The best science fiction is about more than just cool new worlds, wild new technologies, and aliens (though it’s very much about those things too). It’s about politics, economies, the very human condition itself. Just, you know, in a super-exciting way. Science fiction isn’t for a specific kind of person. It’s not “just for nerds.” Science fiction is awesome, and it’s for everyone.I recently read a WIRED article that listed 23* introductory gifts for sci-fi noobs - as the author of the article admits, not a list of the best, but a list of the best places to start. The item on the list were:
David Pierce, WIRED 12.05.15
- Star Wars: The Original Trilogy
- Star Trek: The Next Generation
- Blade Runner
- Snow Crash, by Neal Stephenson (audiobook format)

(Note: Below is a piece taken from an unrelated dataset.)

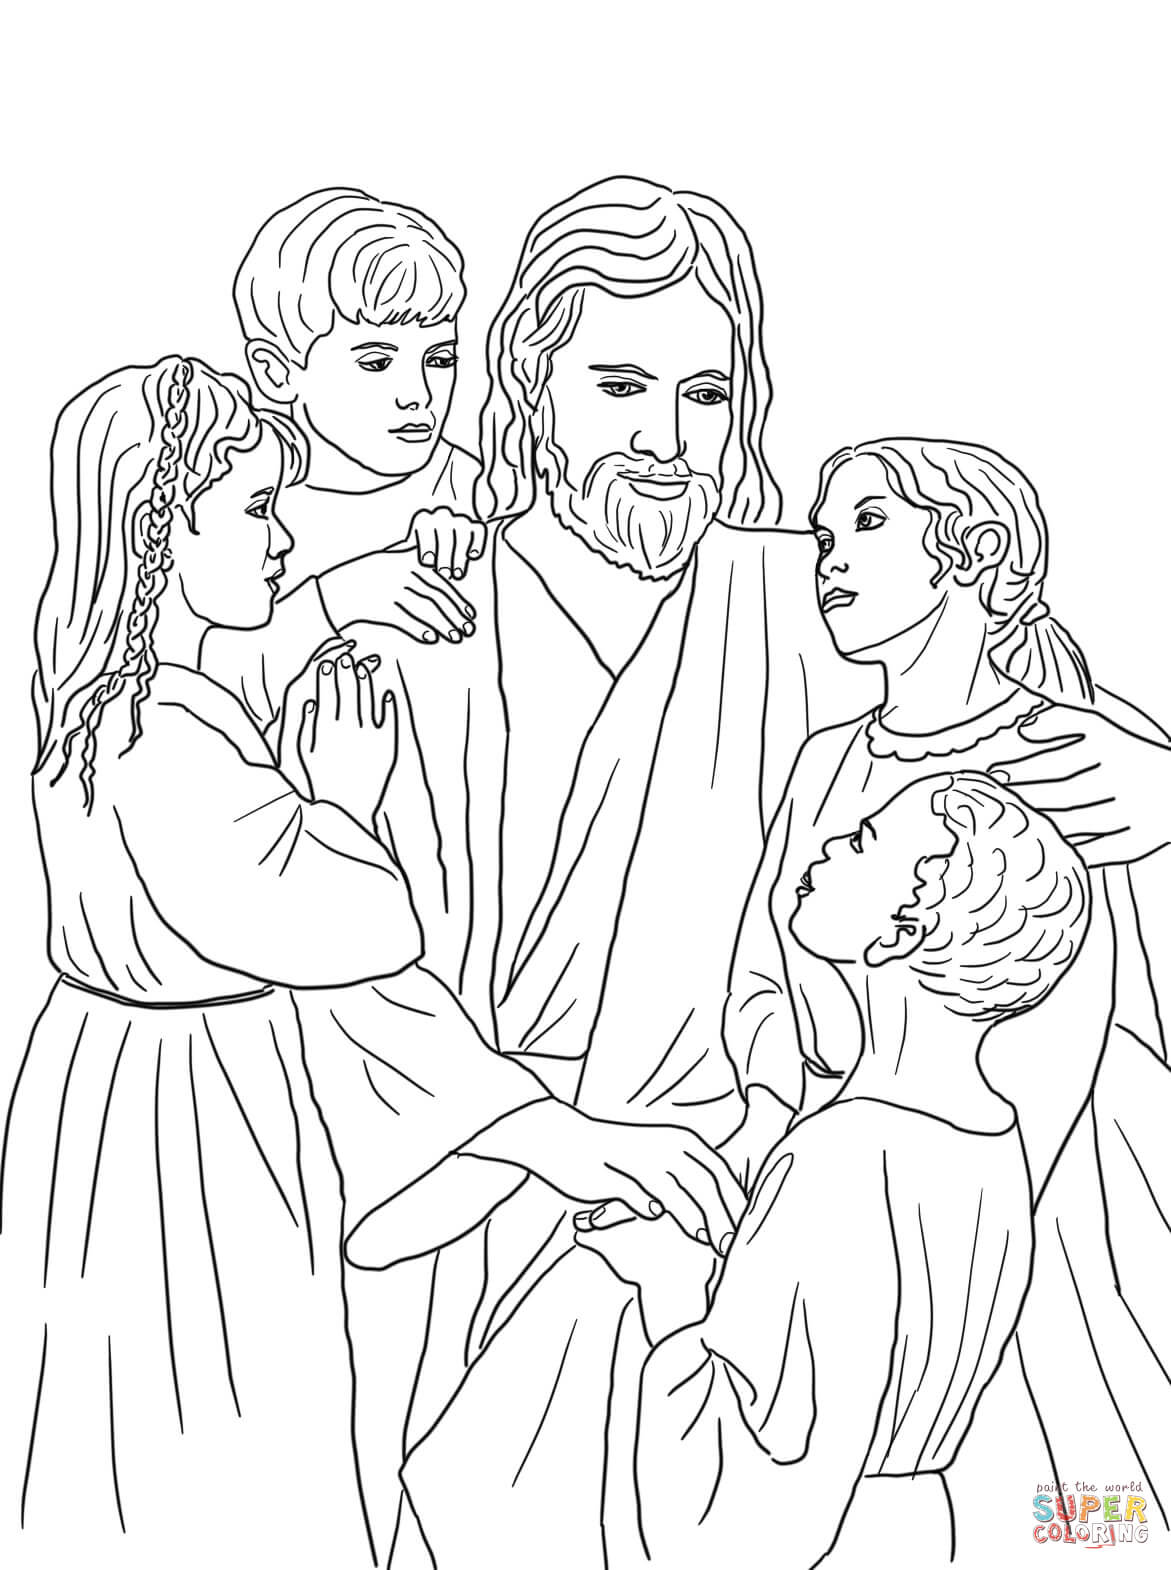 Jesus Loves All the Children of the World coloring page | Free

- Cryptonomicon, by Neal Stephenson
- Dune, by Frank Herbert
- The Windup Girl, by Paolo Bacigalupi
- The Harry Potter series, by J.K. Rowlings
- The Magicians Trilogy, by Lev Grossman
- Ready Player One, by Ernest Cline
- Ancillary Justice, by Ann Leckie
- The X-Files
- Terminator: The Sarah Connor Chronicles
- The Left Hand of Darkness, by Ursula K. LeGuin
- Dark City
- Beasts of the Southern Wild
- Firefly
- The Wool Trilogy, by Hugh Howey
- The Foundation Trilogy, by Isaac Asimov
- The Golem and the Jinni, by Helene Wecker
- Alien and Aliens
- The Martian Chronicles, by Ray Bradbury
- Total Recall
Overall, this list looks like more of a reflection of the author's interests than anything else - which in no way renders it invalid, I think that's how most people would approach this - but it's not what I would think of as a scholarly approach to the topic.

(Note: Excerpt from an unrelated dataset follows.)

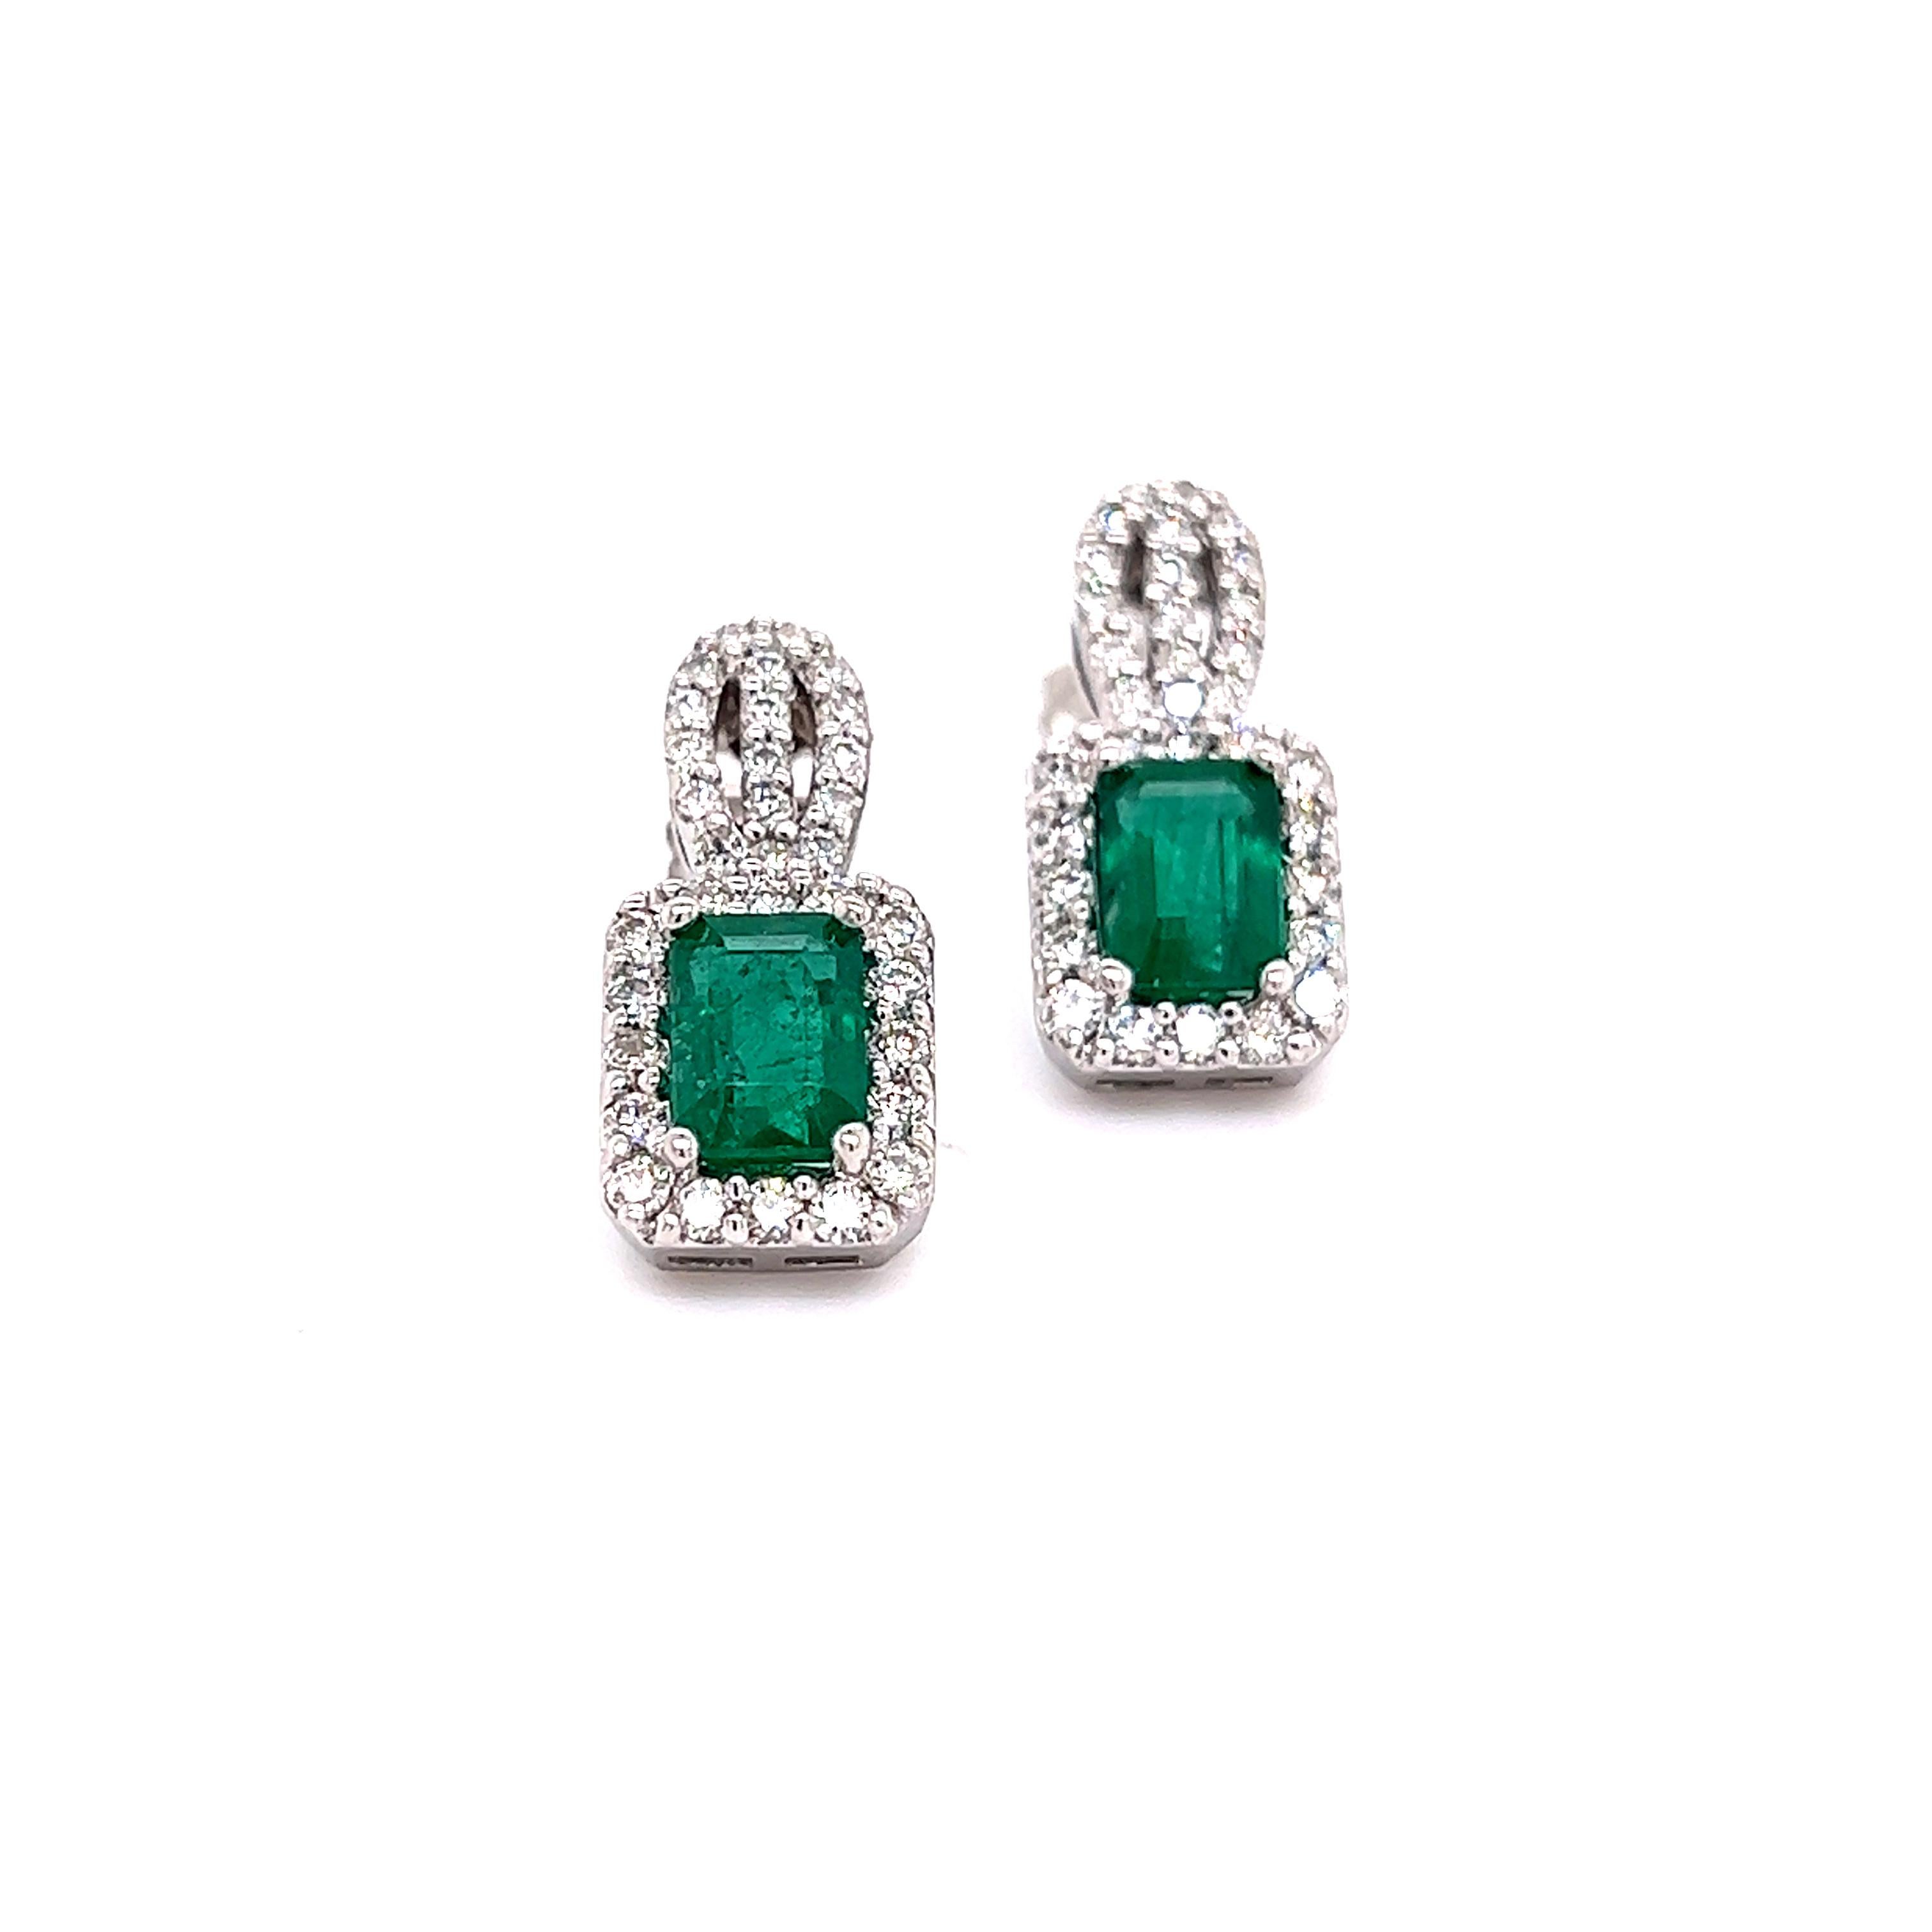 Natural Emerald Diamond Stud Earrings 14k Gold 2.74 TCW Certified For Sale 3

So, although I don't generally approve of lists as a mechanism to generate content**, I've done up a 25-item Science Fiction Starter Pack, which I've tried to base on the accessibility of the material for the neophyte, and a broad representation from the genre. In the interests of keeping it to a more readable length, I'm going to split it between two posts following this one.
- Sid
* Lord knows why 23, maybe they wanted a prime number.
** Which must make me a member of an awfully select club, at least on the Internet.